WHAT YOU SHOULD DO: Could you print exactly the lines from the one that contains "15-Sep-Lux-Fashion_PamelaHanson_Reduced-2-1.jpg" to the end of the data, both ends included, and nothing else? Skip the pictures.
== GIVEN INFORMATION
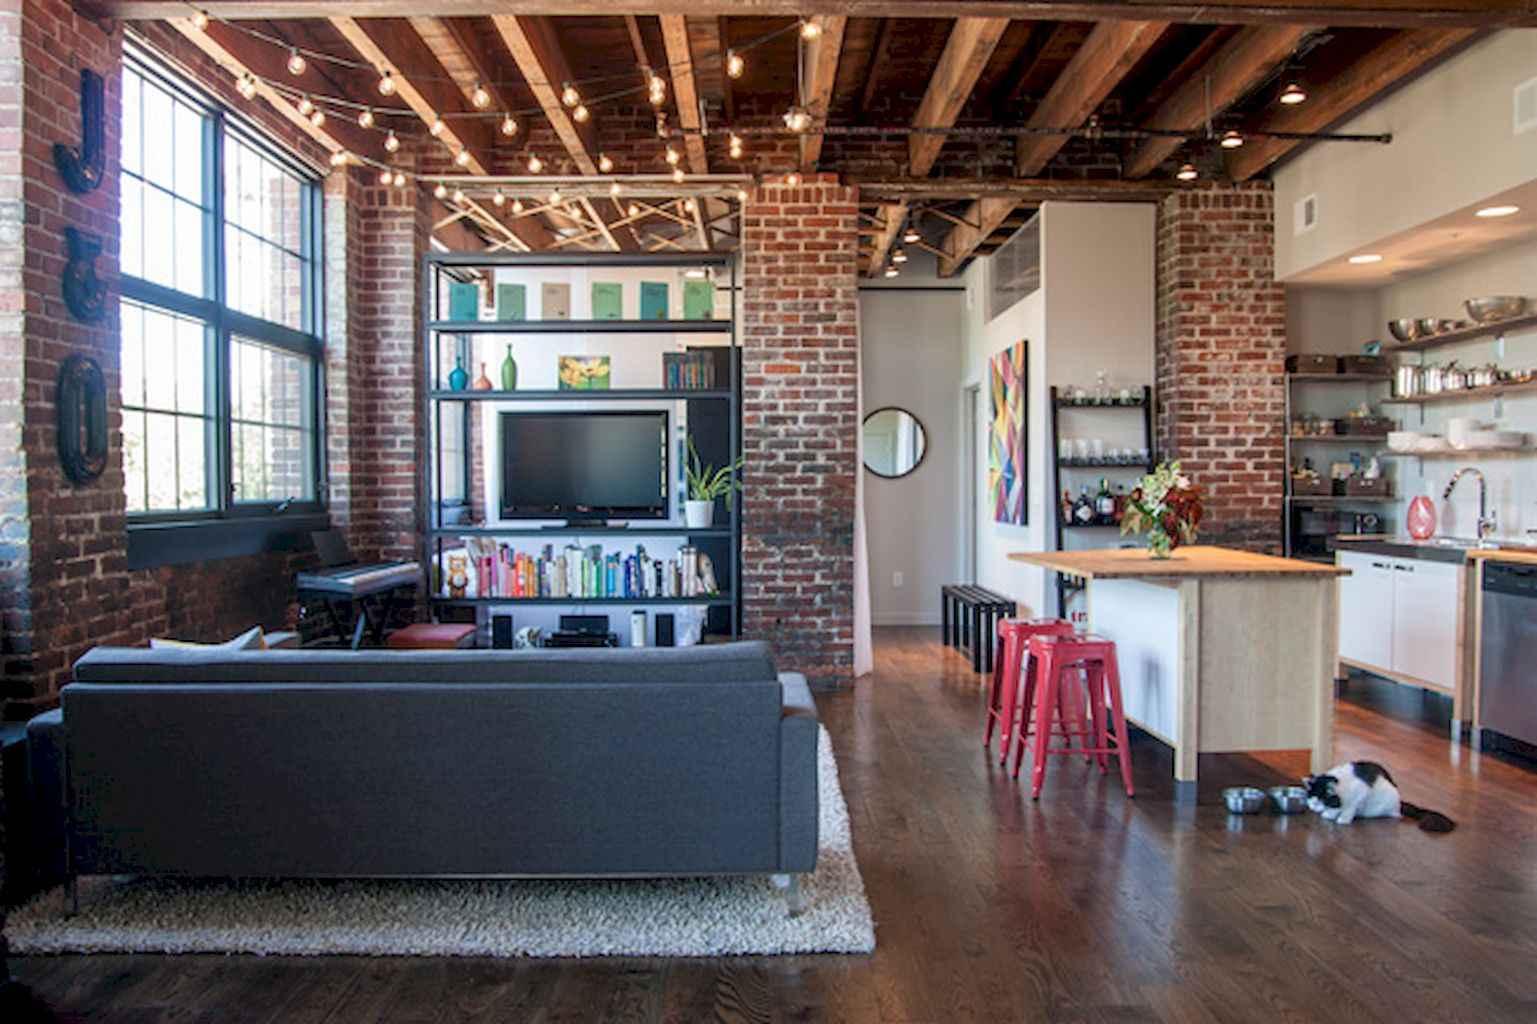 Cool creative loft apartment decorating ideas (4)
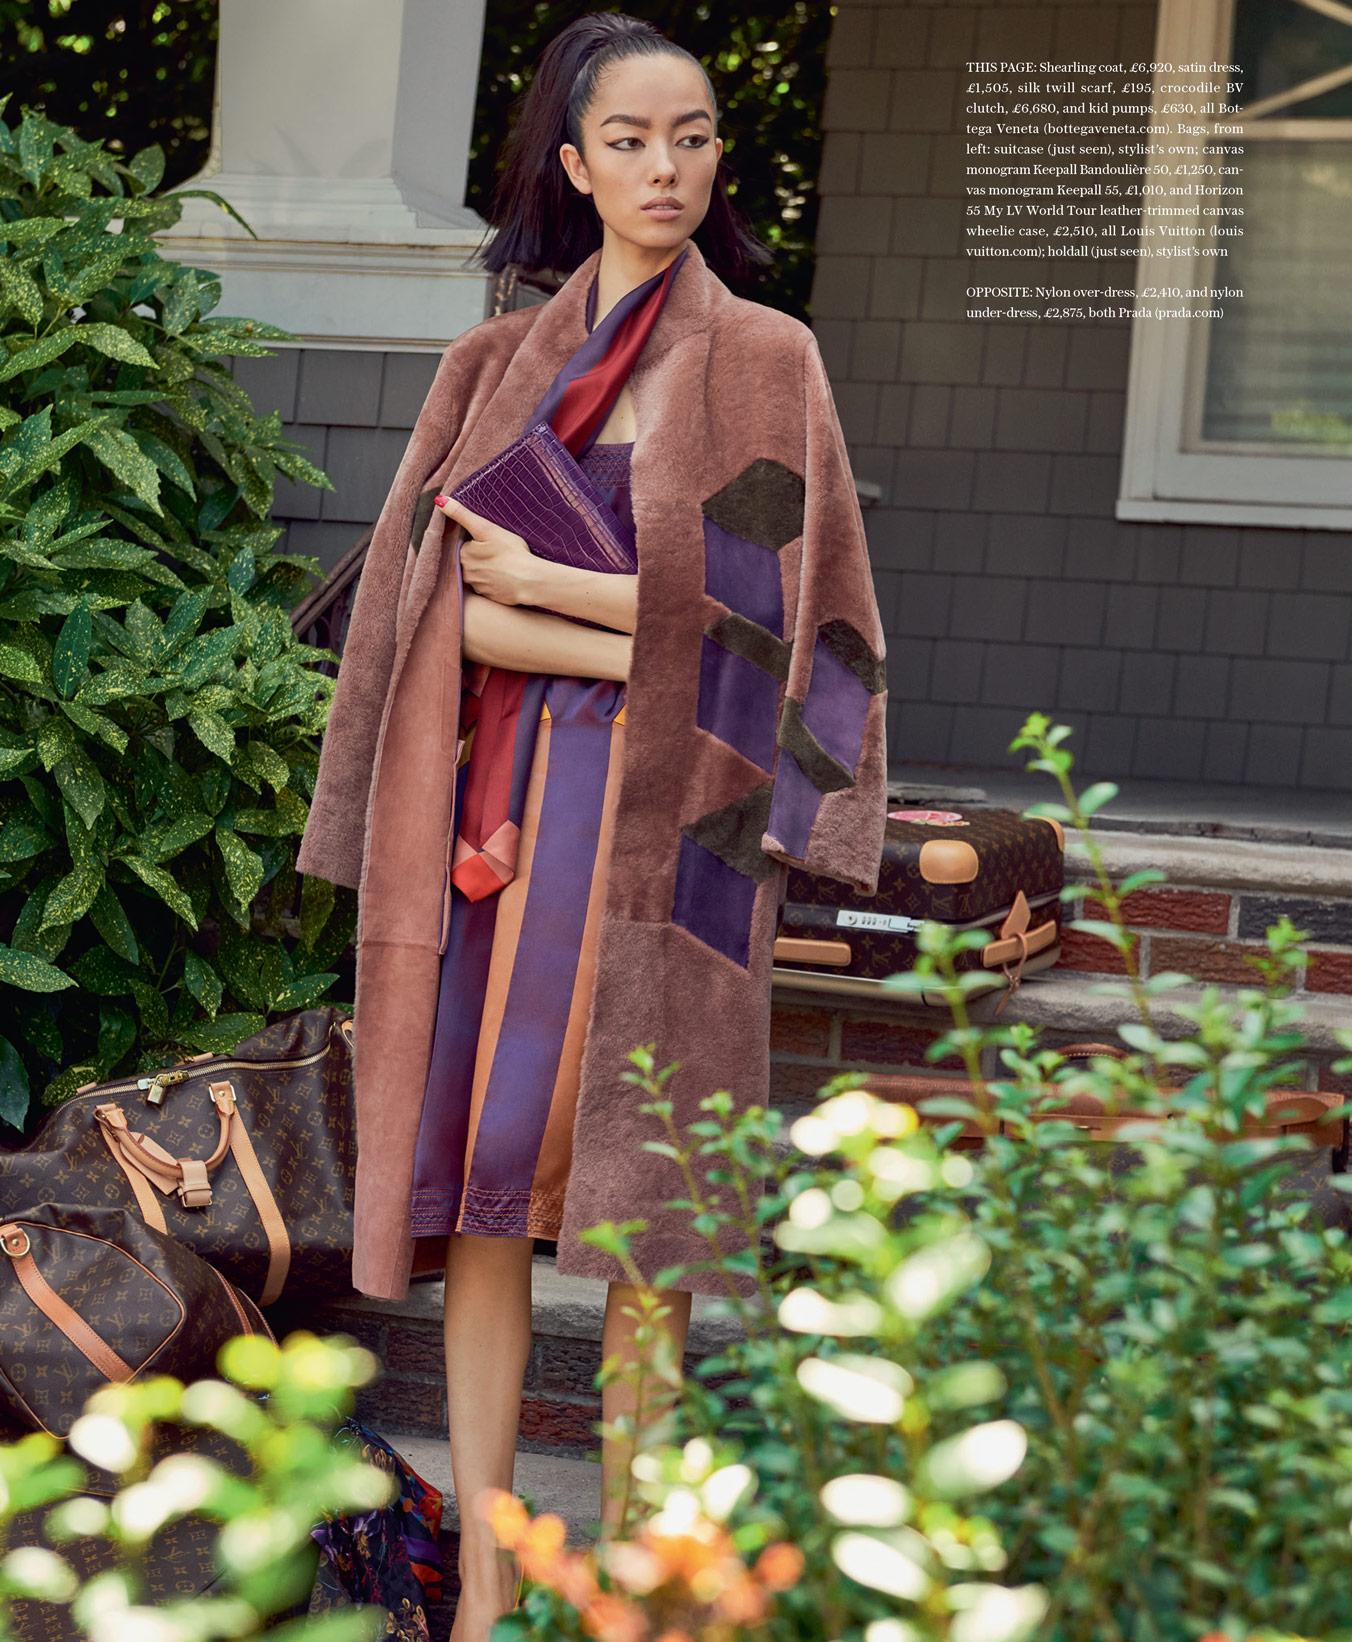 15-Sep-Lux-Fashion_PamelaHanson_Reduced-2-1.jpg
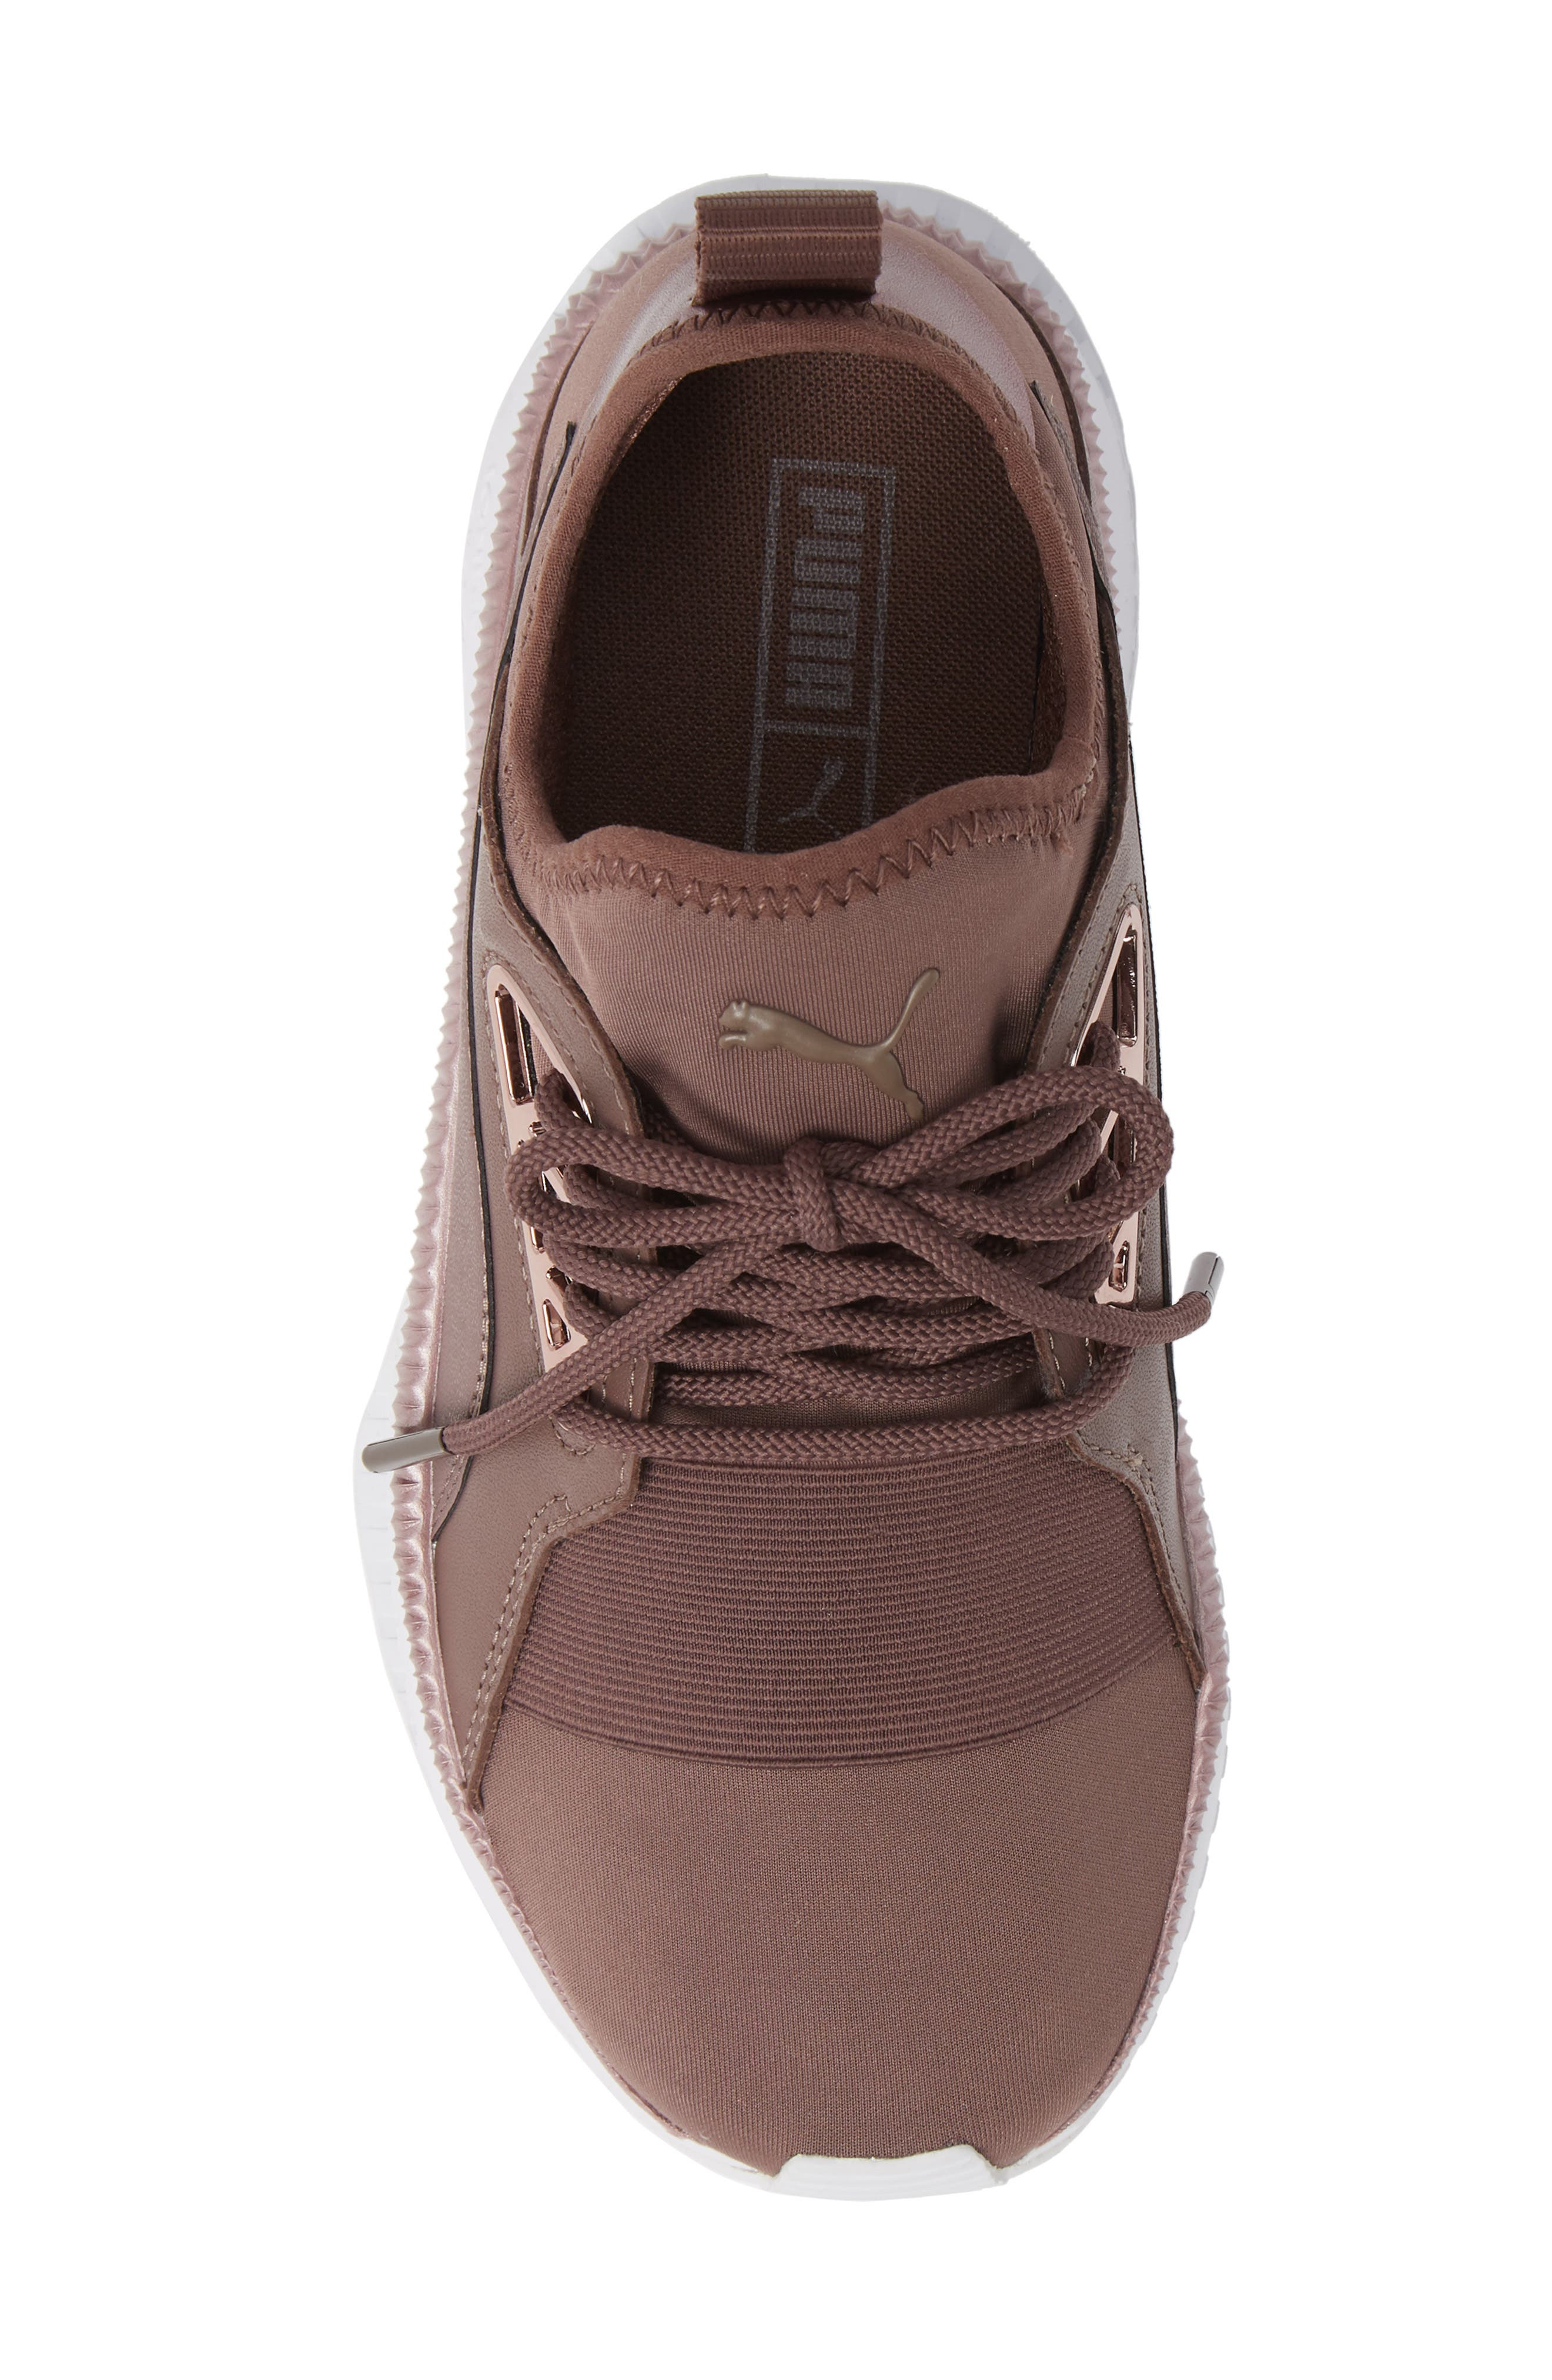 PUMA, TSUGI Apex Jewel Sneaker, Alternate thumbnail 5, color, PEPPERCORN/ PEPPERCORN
====
WRITTEN SOLUTION:
 15-Sep-Lux-Fashion_PamelaHanson_Reduced-2-1.jpg
 PUMA, TSUGI Apex Jewel Sneaker, Alternate thumbnail 5, color, PEPPERCORN/ PEPPERCORN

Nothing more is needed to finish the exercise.